In the first place, a 5–4 Supreme Court decision counts as a Supreme Court decision. The decision isn’t invalid just because it wasn’t unanimous. So let’s get that ridiculous argument out of the way.
Next, the states do have the right to set up their own rules and regulations regarding marriage — BUT they must do it without discrimination. If they allow white people to marry, they must allow black people to marry. If they allow Christians to marry, they must allow Jews to marry. And if they allow heterosexuals to marry within their sexual orientation, they must allow homosexuals to marry within their sexual orientation.

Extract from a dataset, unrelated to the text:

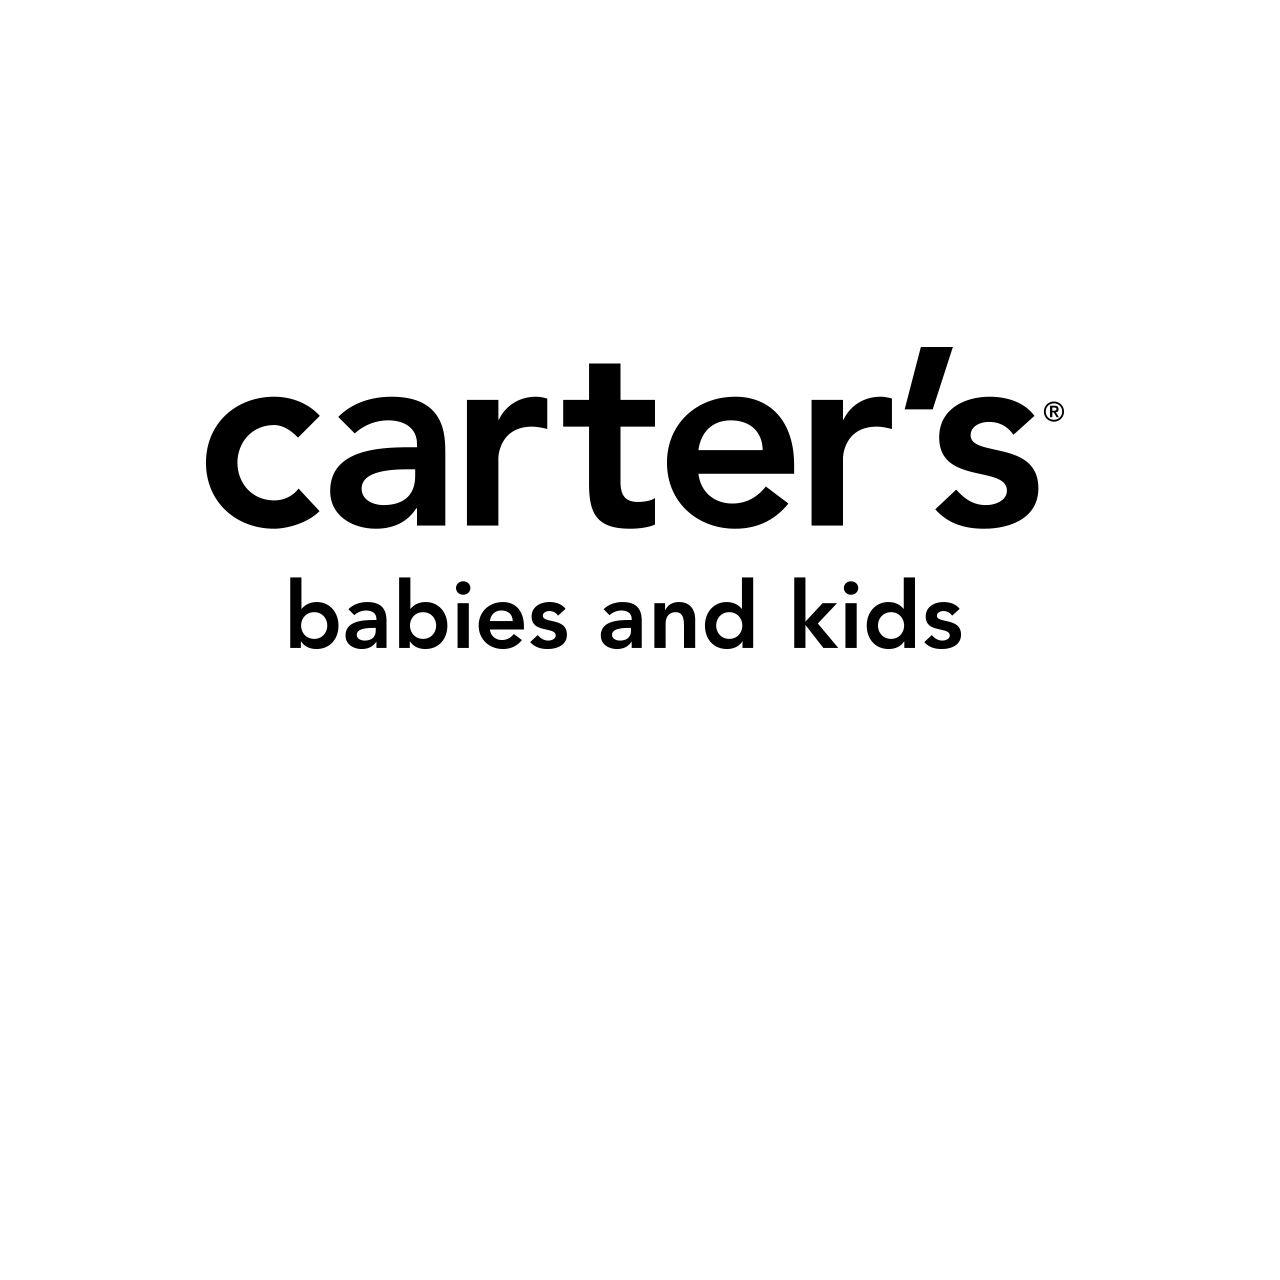 Carter's Logo - Carter's® babies and kids. The Outlet Collection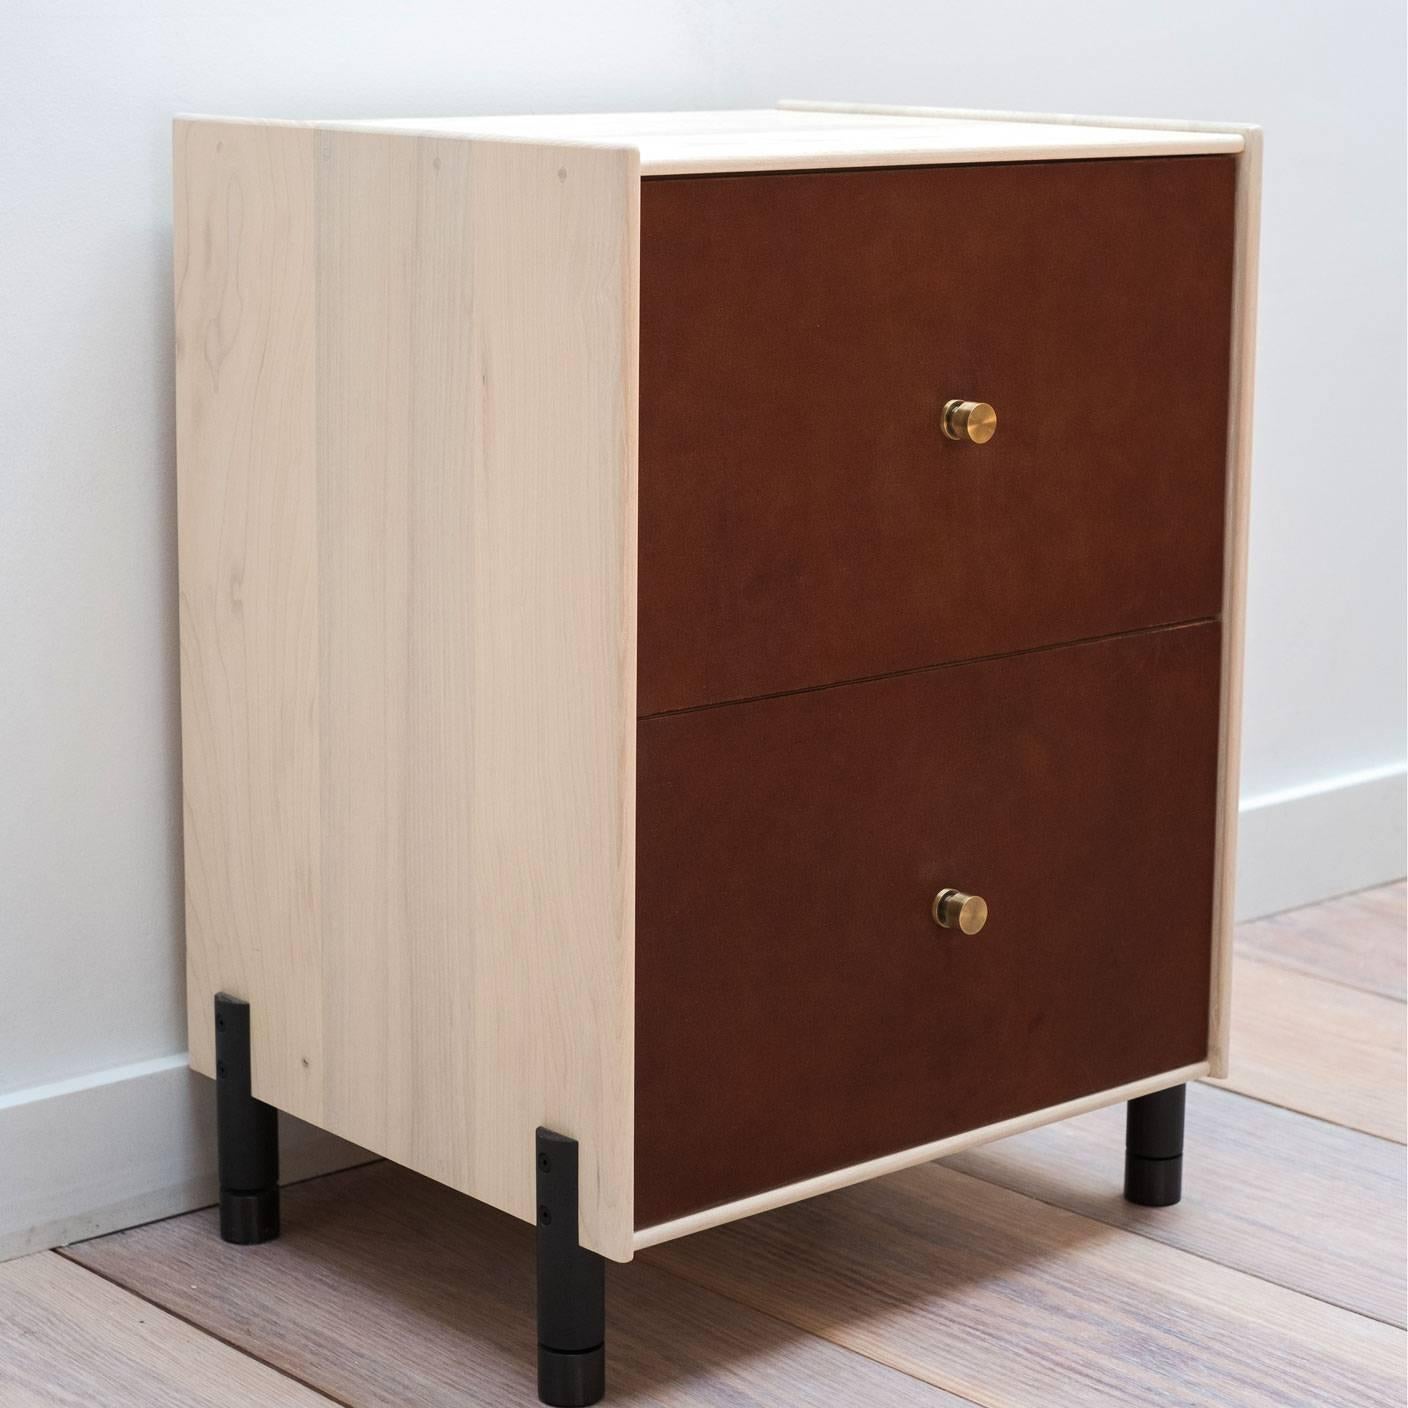 The Profile Bedside Table is an elevated take on traditional cabinet construction with a clean, minimal edge framing vegetable-tanned leather drawer faces. Both the wood and leather are hand-finished in our New York City based artisan workshop. This

States have always created their own rules for marriage. You say that interracial marriages are different from same sex marriages, in that extra wording needs to be added to prevent them. However, for over a century, marriage was defined in a number of states as a man and a woman of the same race. Nothing was “added” — that’s how marriage was defined, until the Loving decision changed that. States have varying rules about the minimum age at which a person may marry with parental consent, and a minimum age at which a person may marry without parental consent, and this varies from state to state. Some states allow one to marry their first cousin, and other states don’t. And as long as these rules apply to everyone equally, they can do this.
If a state decides not to allow anyone to marry at all, they could technically do that, and gays would not be allowed to marry. Of course, neither could straight people. And any state politician supporting a universal marriage ban isn’t going to get re-elected.